Сантехника в кредит 
А  Б  В  Г  Д  Е  Ж  З  И  Й  К  Л  М  Н  О  П  Р  С  Т  У  Ф  Х  Ц  Ч  Ш  Щ  Э  Ю  Я  AZ

 

— спросил он, чтобы сменить тему.
— Прикупить кой-чего, по ярмонке погулять — не все ж коровам хвосты крутить, да жениха ждать. Они, вон, носы воротят, женихи-то… — Обида в голосе еще не прошла.
— Тогда на ярмарке и встретимся.
— Оченно ты мне надобный! Тама казачков полон двор — токо юбку держи, враз задерут!
— Вот тебе и женихи.
— Эт-ты тяте скажи. От их-то и бежим, троеперстников, да от попов ихних.
— Смотри, Глаша, утро уже.
— Да…
Приподняв тяжелую руку Андрея, она свернулась у него под боком, положив руку себе на плечи. Черные вершины елей остро вычертились в засиневшем небе — правда, лишь на одном краю, другой оставался сплошь темен от заходящих низких облаков.
— Похоже, дождь пойдет. — Андрей почувствовал легкое давление за лобной костью.
— Ага. — Глаша снова забралась в балаган, зашуршала там какими-то тряпками, укладываясь досыпать.
Порыв ветра взрябил воду, наклонил легкий дымок остывающего костерка. Проснувшийся Мастер о чем-то посовещался с Ченом, собирающим посуду, затем подошел к лодке.

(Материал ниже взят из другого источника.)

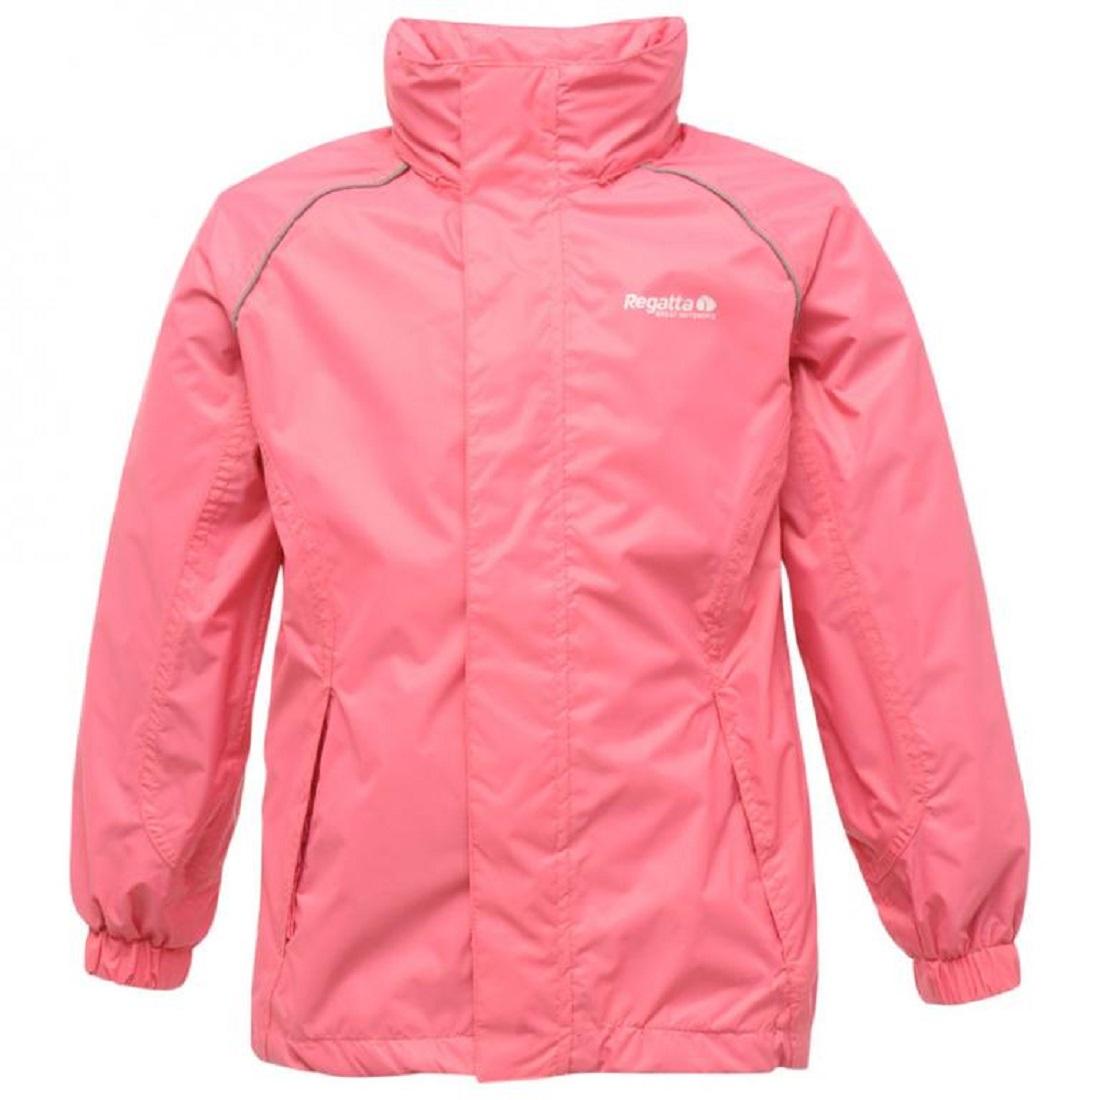 Lightweight Waterproof Breathable Jacket Jacket To
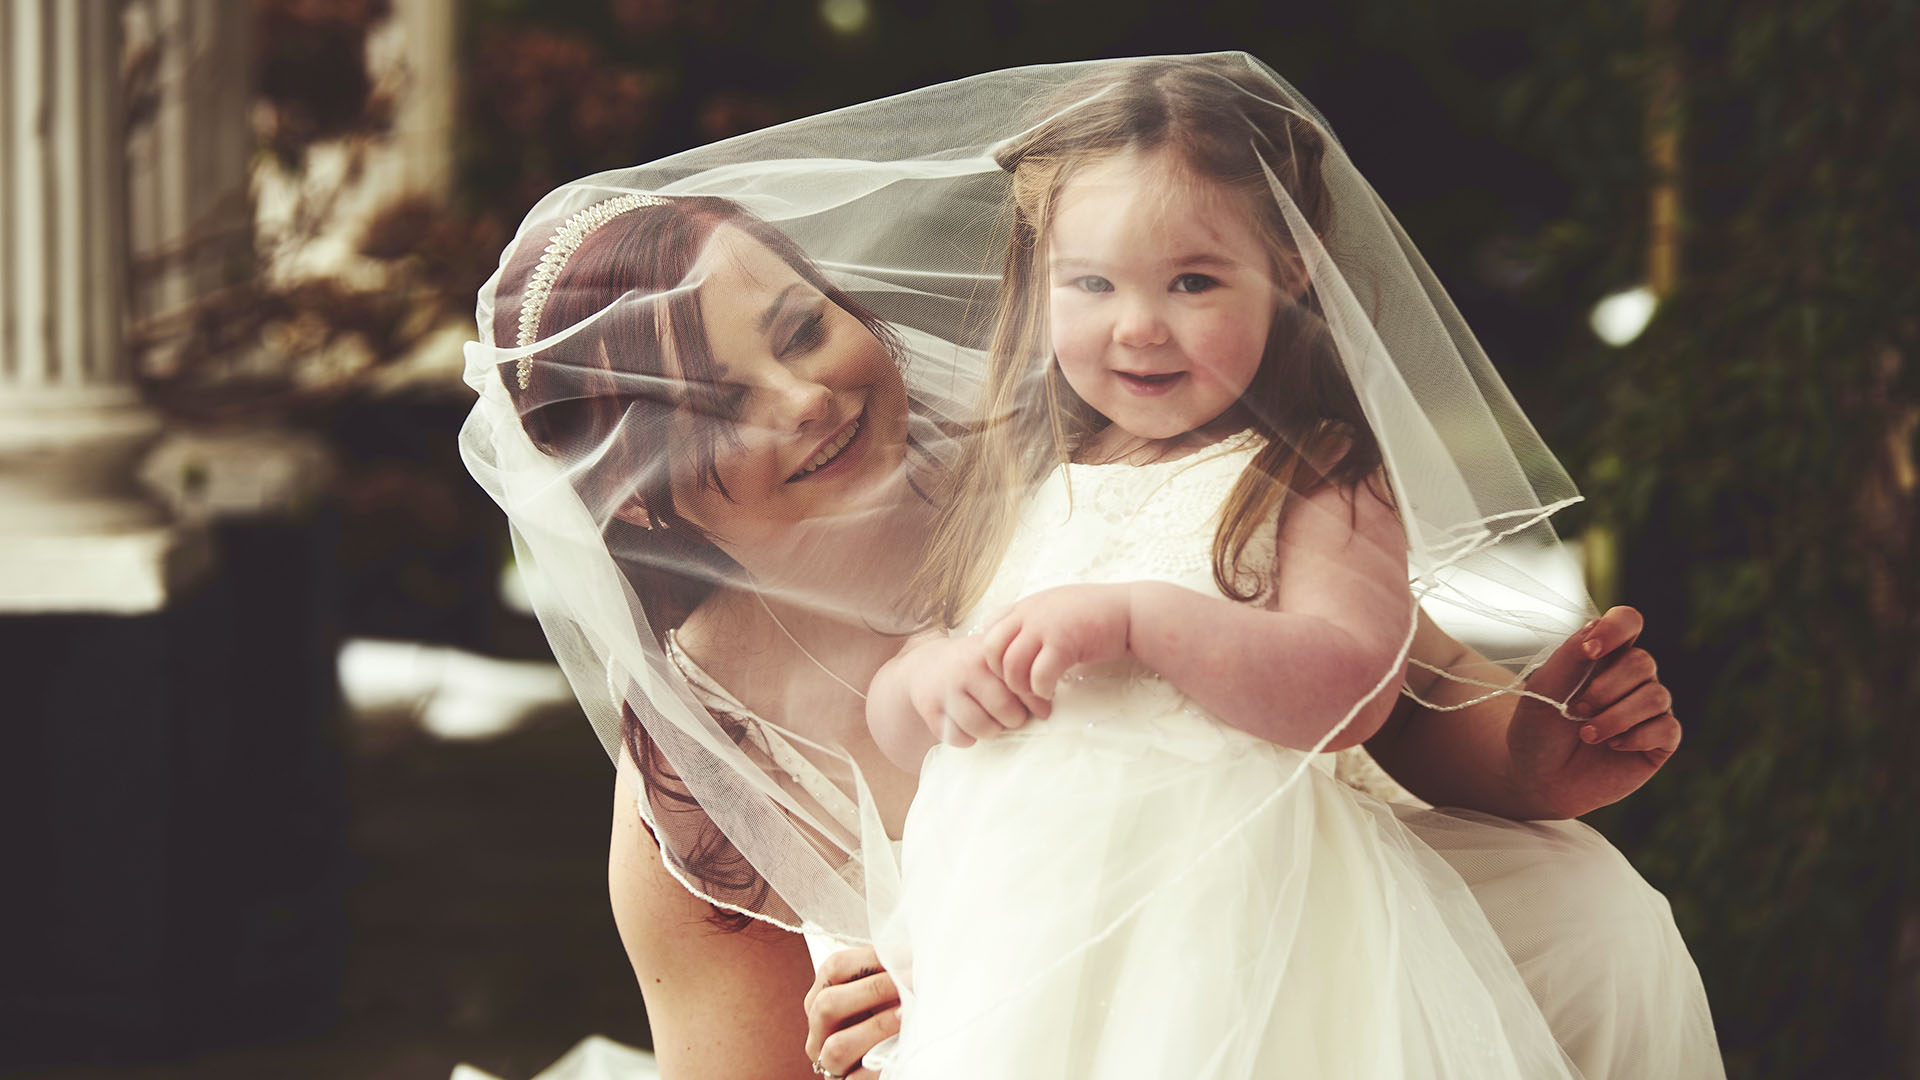 Bride & Her Flowergirl - Winter Wedding at Ringwood Hall Hotel, Chesterfield, Derbyshire - Wedding Photographer

— Уже достаточно светло, чтобы плыть? — спросил он Андрея.
— Вполне.
— Тогда отплываем. Как там наша пассажирка?
— Проблем не будет…
— Это хорошо. Эй, Чен, подтолкни-ка!
Чен толкнул лодку, берег, качнувшись, быстро пошел назад. Там, в темной тайге, резко крикнула какая-то птица, ей ответила другая, словно провожая лодку, уходящую за речной поворот по темной, еще ночной воде.
Глава тридцать вторая
Перед впадением в Енисей узкая таежная Бирюса разогналась, стиснутая серыми скалами. Скалы широкими наклонными пластами вырывались из темно-зеленой воды, играющей отражениями тайги, и уходили куда-то высоко, под самые вершины прибрежных гор, которые то появлялись, то вновь скрывались в низком небе, набухшем близким дождем.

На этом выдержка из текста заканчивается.